* ENTRIES PROVIDED
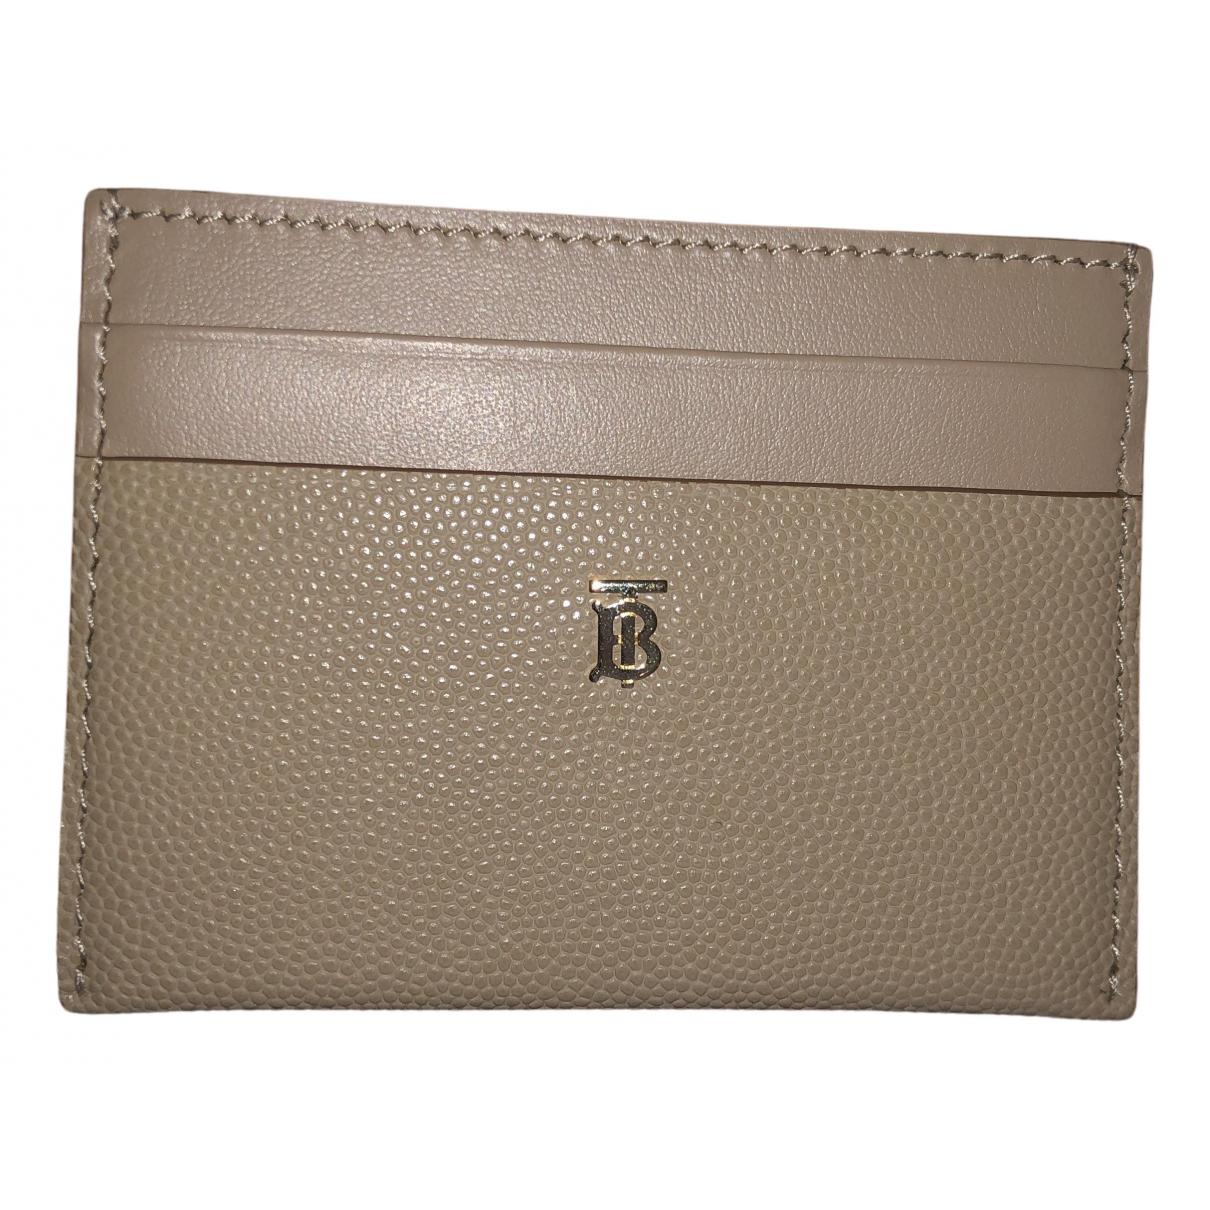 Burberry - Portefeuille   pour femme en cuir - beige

--

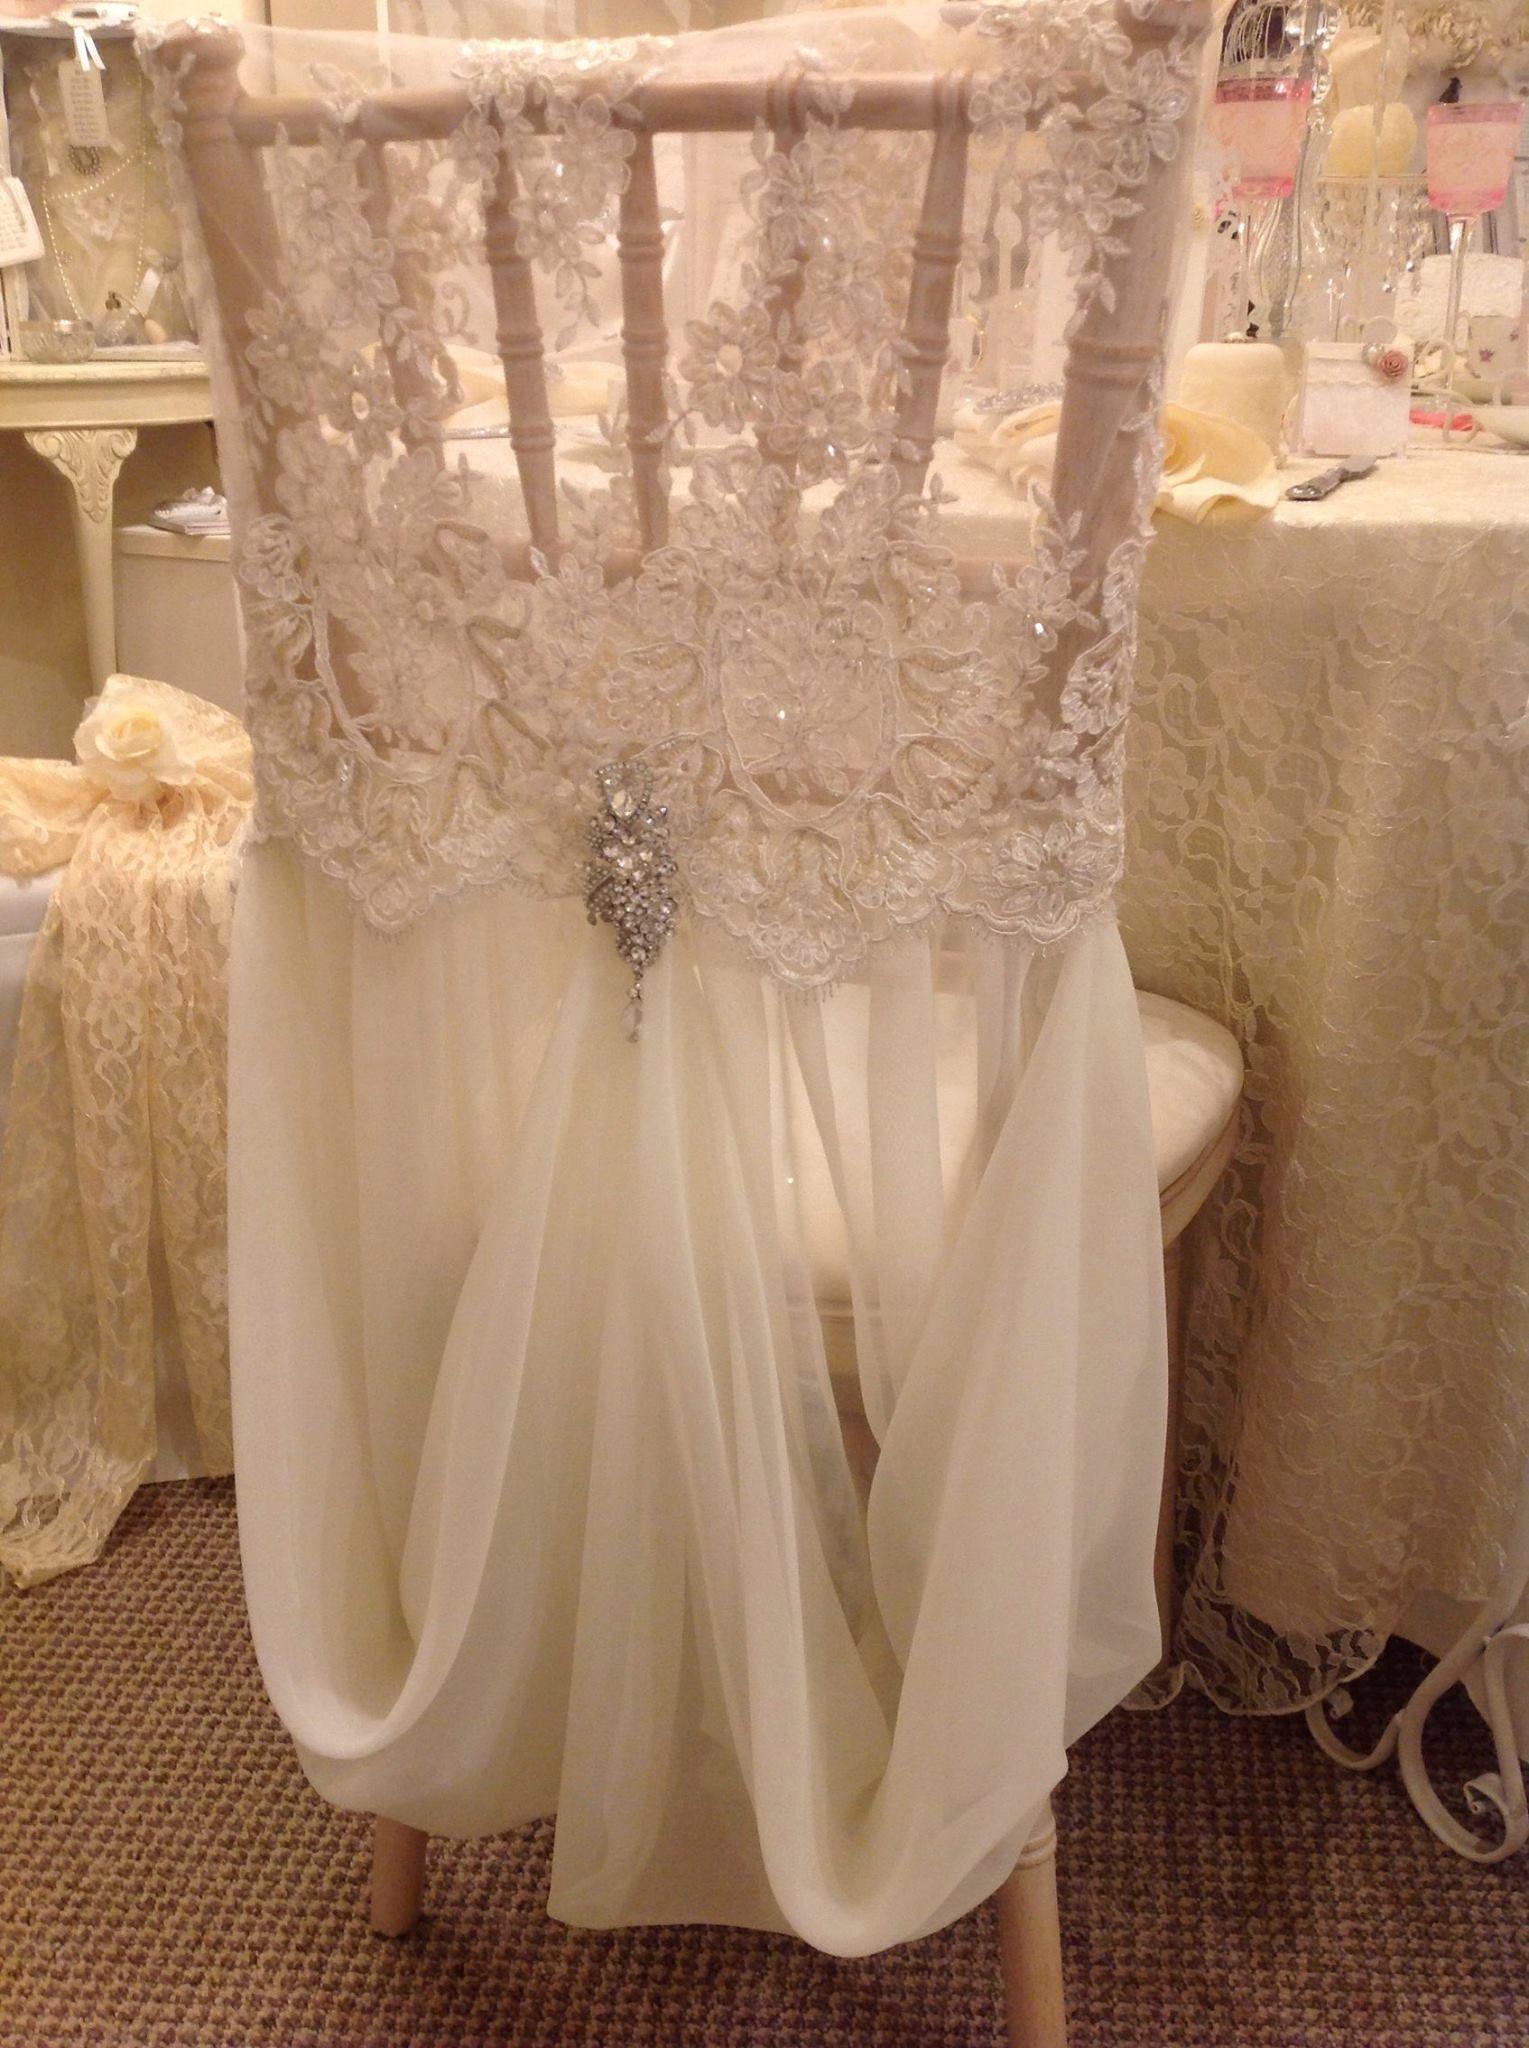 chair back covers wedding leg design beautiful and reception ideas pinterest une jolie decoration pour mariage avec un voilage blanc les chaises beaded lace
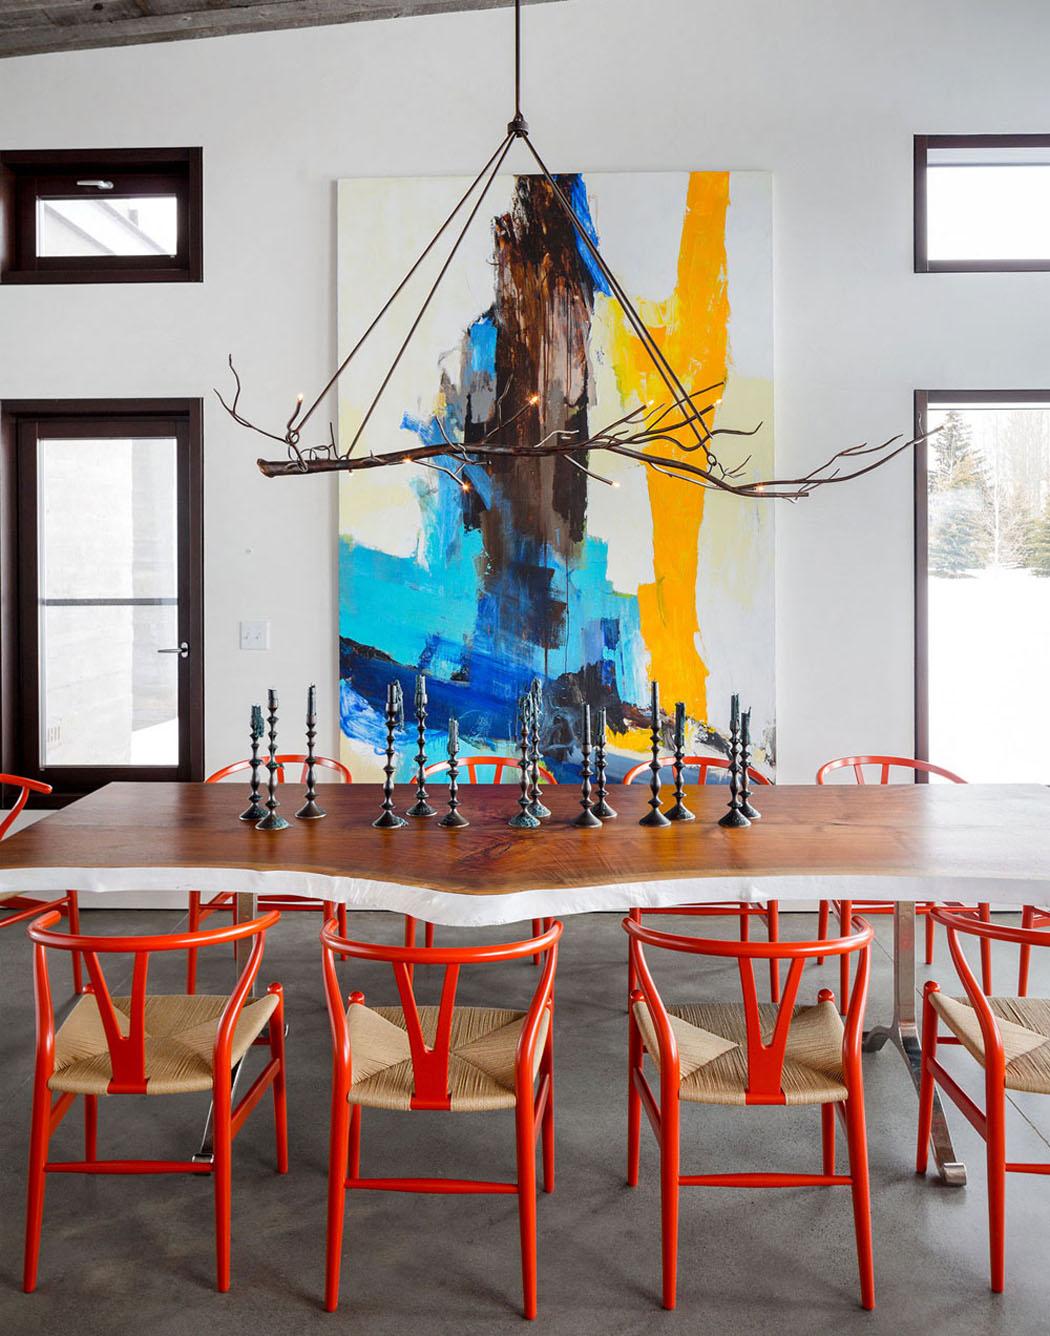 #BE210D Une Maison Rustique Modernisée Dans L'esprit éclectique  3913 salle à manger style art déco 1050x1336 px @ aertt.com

* WHAT YOU SHOULD DO
Start at the line above containing "chair back covers" and stop at the line containing "#BE210D Une Maison": print those lines and everything between them exactly, but not the pictures.

* ANSWER FOR THE TASK
 chair back covers wedding leg design beautiful and reception ideas pinterest une jolie decoration pour mariage avec un voilage blanc les chaises beaded lace
 #BE210D Une Maison Rustique Modernisée Dans L'esprit éclectique  3913 salle à manger style art déco 1050x1336 px @ aertt.com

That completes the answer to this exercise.